### EXERCISE AIM
Reply with each record repeated exactly.

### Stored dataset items
- - - -

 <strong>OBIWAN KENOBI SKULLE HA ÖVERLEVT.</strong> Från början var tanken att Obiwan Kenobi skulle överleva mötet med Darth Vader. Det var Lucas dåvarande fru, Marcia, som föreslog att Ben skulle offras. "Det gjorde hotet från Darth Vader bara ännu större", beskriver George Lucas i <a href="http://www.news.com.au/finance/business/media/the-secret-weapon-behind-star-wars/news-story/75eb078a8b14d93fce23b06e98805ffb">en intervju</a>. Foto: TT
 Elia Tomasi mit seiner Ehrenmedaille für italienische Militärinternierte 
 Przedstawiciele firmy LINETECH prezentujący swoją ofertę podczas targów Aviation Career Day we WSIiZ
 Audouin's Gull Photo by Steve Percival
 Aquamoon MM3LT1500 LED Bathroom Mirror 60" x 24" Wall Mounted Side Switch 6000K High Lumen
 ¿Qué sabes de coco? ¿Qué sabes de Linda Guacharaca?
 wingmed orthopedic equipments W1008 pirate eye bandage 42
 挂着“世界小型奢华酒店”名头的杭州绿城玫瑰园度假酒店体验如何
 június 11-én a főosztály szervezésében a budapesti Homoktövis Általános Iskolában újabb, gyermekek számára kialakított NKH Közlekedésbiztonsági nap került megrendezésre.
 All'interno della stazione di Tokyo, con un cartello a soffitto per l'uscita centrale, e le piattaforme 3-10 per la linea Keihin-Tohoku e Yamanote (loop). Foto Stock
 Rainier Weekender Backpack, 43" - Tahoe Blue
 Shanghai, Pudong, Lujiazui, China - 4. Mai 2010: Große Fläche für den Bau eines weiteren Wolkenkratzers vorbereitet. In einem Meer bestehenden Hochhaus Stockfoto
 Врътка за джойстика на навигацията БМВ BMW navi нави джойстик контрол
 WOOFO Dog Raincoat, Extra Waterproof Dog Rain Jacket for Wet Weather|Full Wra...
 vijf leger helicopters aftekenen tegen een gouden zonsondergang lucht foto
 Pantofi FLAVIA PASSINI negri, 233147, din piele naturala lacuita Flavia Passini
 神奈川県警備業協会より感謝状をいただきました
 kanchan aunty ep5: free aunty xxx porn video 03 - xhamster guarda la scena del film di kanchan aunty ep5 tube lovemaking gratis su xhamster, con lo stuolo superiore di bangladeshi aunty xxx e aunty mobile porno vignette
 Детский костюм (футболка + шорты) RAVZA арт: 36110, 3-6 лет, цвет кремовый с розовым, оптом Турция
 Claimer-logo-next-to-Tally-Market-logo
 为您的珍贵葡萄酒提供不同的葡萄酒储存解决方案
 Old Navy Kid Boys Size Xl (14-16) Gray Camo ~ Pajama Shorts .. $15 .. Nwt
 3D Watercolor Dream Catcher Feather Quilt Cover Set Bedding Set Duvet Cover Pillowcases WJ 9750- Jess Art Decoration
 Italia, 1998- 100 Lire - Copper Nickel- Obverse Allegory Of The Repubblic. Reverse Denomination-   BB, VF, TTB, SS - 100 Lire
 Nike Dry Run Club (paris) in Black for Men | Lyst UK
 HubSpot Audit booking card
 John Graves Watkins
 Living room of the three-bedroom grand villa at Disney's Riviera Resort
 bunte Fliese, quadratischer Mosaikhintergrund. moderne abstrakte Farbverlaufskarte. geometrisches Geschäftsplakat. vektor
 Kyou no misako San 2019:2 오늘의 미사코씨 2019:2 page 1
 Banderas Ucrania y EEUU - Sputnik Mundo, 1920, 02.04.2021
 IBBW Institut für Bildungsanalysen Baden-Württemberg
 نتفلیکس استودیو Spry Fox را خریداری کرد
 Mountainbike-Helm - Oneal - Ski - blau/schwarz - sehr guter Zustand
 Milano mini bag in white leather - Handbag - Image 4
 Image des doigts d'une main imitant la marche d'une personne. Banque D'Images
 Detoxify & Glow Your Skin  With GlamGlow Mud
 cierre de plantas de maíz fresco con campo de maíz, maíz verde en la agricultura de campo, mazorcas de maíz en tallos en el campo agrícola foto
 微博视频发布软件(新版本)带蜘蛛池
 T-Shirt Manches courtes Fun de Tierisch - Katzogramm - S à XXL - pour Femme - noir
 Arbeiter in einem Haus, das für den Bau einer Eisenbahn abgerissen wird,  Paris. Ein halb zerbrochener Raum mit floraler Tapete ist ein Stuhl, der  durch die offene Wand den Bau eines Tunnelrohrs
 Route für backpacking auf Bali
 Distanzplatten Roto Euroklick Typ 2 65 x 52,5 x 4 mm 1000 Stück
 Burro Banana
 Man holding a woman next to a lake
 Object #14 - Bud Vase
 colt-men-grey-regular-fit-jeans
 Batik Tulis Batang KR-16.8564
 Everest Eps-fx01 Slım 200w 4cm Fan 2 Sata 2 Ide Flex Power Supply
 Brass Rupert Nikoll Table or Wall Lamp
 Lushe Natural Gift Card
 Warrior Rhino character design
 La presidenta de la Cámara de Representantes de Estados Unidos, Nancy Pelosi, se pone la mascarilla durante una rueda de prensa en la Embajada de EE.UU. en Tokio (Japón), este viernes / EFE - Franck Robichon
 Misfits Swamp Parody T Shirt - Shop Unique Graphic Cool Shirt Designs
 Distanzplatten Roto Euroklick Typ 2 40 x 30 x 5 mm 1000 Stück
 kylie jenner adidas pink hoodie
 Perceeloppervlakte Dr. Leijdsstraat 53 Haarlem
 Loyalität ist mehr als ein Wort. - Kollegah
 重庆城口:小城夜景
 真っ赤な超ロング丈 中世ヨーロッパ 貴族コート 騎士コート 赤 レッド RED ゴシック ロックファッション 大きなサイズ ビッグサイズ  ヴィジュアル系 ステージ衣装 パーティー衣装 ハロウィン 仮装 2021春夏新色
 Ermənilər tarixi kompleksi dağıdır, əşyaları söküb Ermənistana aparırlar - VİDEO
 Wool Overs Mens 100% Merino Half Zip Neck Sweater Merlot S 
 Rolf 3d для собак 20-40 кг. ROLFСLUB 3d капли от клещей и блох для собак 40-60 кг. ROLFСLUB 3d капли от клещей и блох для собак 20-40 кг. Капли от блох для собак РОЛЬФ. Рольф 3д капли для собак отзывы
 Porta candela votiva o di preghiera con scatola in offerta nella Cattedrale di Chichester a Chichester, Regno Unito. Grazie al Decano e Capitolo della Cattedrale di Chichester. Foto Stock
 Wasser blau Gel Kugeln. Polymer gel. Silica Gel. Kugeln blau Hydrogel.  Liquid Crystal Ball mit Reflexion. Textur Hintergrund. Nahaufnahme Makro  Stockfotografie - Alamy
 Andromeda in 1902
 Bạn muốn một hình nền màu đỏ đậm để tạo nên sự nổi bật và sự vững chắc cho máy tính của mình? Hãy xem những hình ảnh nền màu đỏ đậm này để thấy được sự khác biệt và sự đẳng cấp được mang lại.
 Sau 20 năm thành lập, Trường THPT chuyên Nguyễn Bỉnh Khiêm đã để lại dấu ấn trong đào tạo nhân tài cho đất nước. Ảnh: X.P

- - - -

### WRITTEN REPLY
 <strong>OBIWAN KENOBI SKULLE HA ÖVERLEVT.</strong> Från början var tanken att Obiwan Kenobi skulle överleva mötet med Darth Vader. Det var Lucas dåvarande fru, Marcia, som föreslog att Ben skulle offras. "Det gjorde hotet från Darth Vader bara ännu större", beskriver George Lucas i <a href="http://www.news.com.au/finance/business/media/the-secret-weapon-behind-star-wars/news-story/75eb078a8b14d93fce23b06e98805ffb">en intervju</a>. Foto: TT
 Elia Tomasi mit seiner Ehrenmedaille für italienische Militärinternierte 
 Przedstawiciele firmy LINETECH prezentujący swoją ofertę podczas targów Aviation Career Day we WSIiZ
 Audouin's Gull Photo by Steve Percival
 Aquamoon MM3LT1500 LED Bathroom Mirror 60" x 24" Wall Mounted Side Switch 6000K High Lumen
 ¿Qué sabes de coco? ¿Qué sabes de Linda Guacharaca?
 wingmed orthopedic equipments W1008 pirate eye bandage 42
 挂着“世界小型奢华酒店”名头的杭州绿城玫瑰园度假酒店体验如何
 június 11-én a főosztály szervezésében a budapesti Homoktövis Általános Iskolában újabb, gyermekek számára kialakított NKH Közlekedésbiztonsági nap került megrendezésre.
 All'interno della stazione di Tokyo, con un cartello a soffitto per l'uscita centrale, e le piattaforme 3-10 per la linea Keihin-Tohoku e Yamanote (loop). Foto Stock
 Rainier Weekender Backpack, 43" - Tahoe Blue
 Shanghai, Pudong, Lujiazui, China - 4. Mai 2010: Große Fläche für den Bau eines weiteren Wolkenkratzers vorbereitet. In einem Meer bestehenden Hochhaus Stockfoto
 Врътка за джойстика на навигацията БМВ BMW navi нави джойстик контрол
 WOOFO Dog Raincoat, Extra Waterproof Dog Rain Jacket for Wet Weather|Full Wra...
 vijf leger helicopters aftekenen tegen een gouden zonsondergang lucht foto
 Pantofi FLAVIA PASSINI negri, 233147, din piele naturala lacuita Flavia Passini
 神奈川県警備業協会より感謝状をいただきました
 kanchan aunty ep5: free aunty xxx porn video 03 - xhamster guarda la scena del film di kanchan aunty ep5 tube lovemaking gratis su xhamster, con lo stuolo superiore di bangladeshi aunty xxx e aunty mobile porno vignette
 Детский костюм (футболка + шорты) RAVZA арт: 36110, 3-6 лет, цвет кремовый с розовым, оптом Турция
 Claimer-logo-next-to-Tally-Market-logo
 为您的珍贵葡萄酒提供不同的葡萄酒储存解决方案
 Old Navy Kid Boys Size Xl (14-16) Gray Camo ~ Pajama Shorts .. $15 .. Nwt
 3D Watercolor Dream Catcher Feather Quilt Cover Set Bedding Set Duvet Cover Pillowcases WJ 9750- Jess Art Decoration
 Italia, 1998- 100 Lire - Copper Nickel- Obverse Allegory Of The Repubblic. Reverse Denomination-   BB, VF, TTB, SS - 100 Lire
 Nike Dry Run Club (paris) in Black for Men | Lyst UK
 HubSpot Audit booking card
 John Graves Watkins
 Living room of the three-bedroom grand villa at Disney's Riviera Resort
 bunte Fliese, quadratischer Mosaikhintergrund. moderne abstrakte Farbverlaufskarte. geometrisches Geschäftsplakat. vektor
 Kyou no misako San 2019:2 오늘의 미사코씨 2019:2 page 1
 Banderas Ucrania y EEUU - Sputnik Mundo, 1920, 02.04.2021
 IBBW Institut für Bildungsanalysen Baden-Württemberg
 نتفلیکس استودیو Spry Fox را خریداری کرد
 Mountainbike-Helm - Oneal - Ski - blau/schwarz - sehr guter Zustand
 Milano mini bag in white leather - Handbag - Image 4
 Image des doigts d'une main imitant la marche d'une personne. Banque D'Images
 Detoxify & Glow Your Skin  With GlamGlow Mud
 cierre de plantas de maíz fresco con campo de maíz, maíz verde en la agricultura de campo, mazorcas de maíz en tallos en el campo agrícola foto
 微博视频发布软件(新版本)带蜘蛛池
 T-Shirt Manches courtes Fun de Tierisch - Katzogramm - S à XXL - pour Femme - noir
 Arbeiter in einem Haus, das für den Bau einer Eisenbahn abgerissen wird,  Paris. Ein halb zerbrochener Raum mit floraler Tapete ist ein Stuhl, der  durch die offene Wand den Bau eines Tunnelrohrs
 Route für backpacking auf Bali
 Distanzplatten Roto Euroklick Typ 2 65 x 52,5 x 4 mm 1000 Stück
 Burro Banana
 Man holding a woman next to a lake
 Object #14 - Bud Vase
 colt-men-grey-regular-fit-jeans
 Batik Tulis Batang KR-16.8564
 Everest Eps-fx01 Slım 200w 4cm Fan 2 Sata 2 Ide Flex Power Supply
 Brass Rupert Nikoll Table or Wall Lamp
 Lushe Natural Gift Card
 Warrior Rhino character design
 La presidenta de la Cámara de Representantes de Estados Unidos, Nancy Pelosi, se pone la mascarilla durante una rueda de prensa en la Embajada de EE.UU. en Tokio (Japón), este viernes / EFE - Franck Robichon
 Misfits Swamp Parody T Shirt - Shop Unique Graphic Cool Shirt Designs
 Distanzplatten Roto Euroklick Typ 2 40 x 30 x 5 mm 1000 Stück
 kylie jenner adidas pink hoodie
 Perceeloppervlakte Dr. Leijdsstraat 53 Haarlem
 Loyalität ist mehr als ein Wort. - Kollegah
 重庆城口:小城夜景
 真っ赤な超ロング丈 中世ヨーロッパ 貴族コート 騎士コート 赤 レッド RED ゴシック ロックファッション 大きなサイズ ビッグサイズ  ヴィジュアル系 ステージ衣装 パーティー衣装 ハロウィン 仮装 2021春夏新色
 Ermənilər tarixi kompleksi dağıdır, əşyaları söküb Ermənistana aparırlar - VİDEO
 Wool Overs Mens 100% Merino Half Zip Neck Sweater Merlot S 
 Rolf 3d для собак 20-40 кг. ROLFСLUB 3d капли от клещей и блох для собак 40-60 кг. ROLFСLUB 3d капли от клещей и блох для собак 20-40 кг. Капли от блох для собак РОЛЬФ. Рольф 3д капли для собак отзывы
 Porta candela votiva o di preghiera con scatola in offerta nella Cattedrale di Chichester a Chichester, Regno Unito. Grazie al Decano e Capitolo della Cattedrale di Chichester. Foto Stock
 Wasser blau Gel Kugeln. Polymer gel. Silica Gel. Kugeln blau Hydrogel.  Liquid Crystal Ball mit Reflexion. Textur Hintergrund. Nahaufnahme Makro  Stockfotografie - Alamy
 Andromeda in 1902
 Bạn muốn một hình nền màu đỏ đậm để tạo nên sự nổi bật và sự vững chắc cho máy tính của mình? Hãy xem những hình ảnh nền màu đỏ đậm này để thấy được sự khác biệt và sự đẳng cấp được mang lại.
 Sau 20 năm thành lập, Trường THPT chuyên Nguyễn Bỉnh Khiêm đã để lại dấu ấn trong đào tạo nhân tài cho đất nước. Ảnh: X.P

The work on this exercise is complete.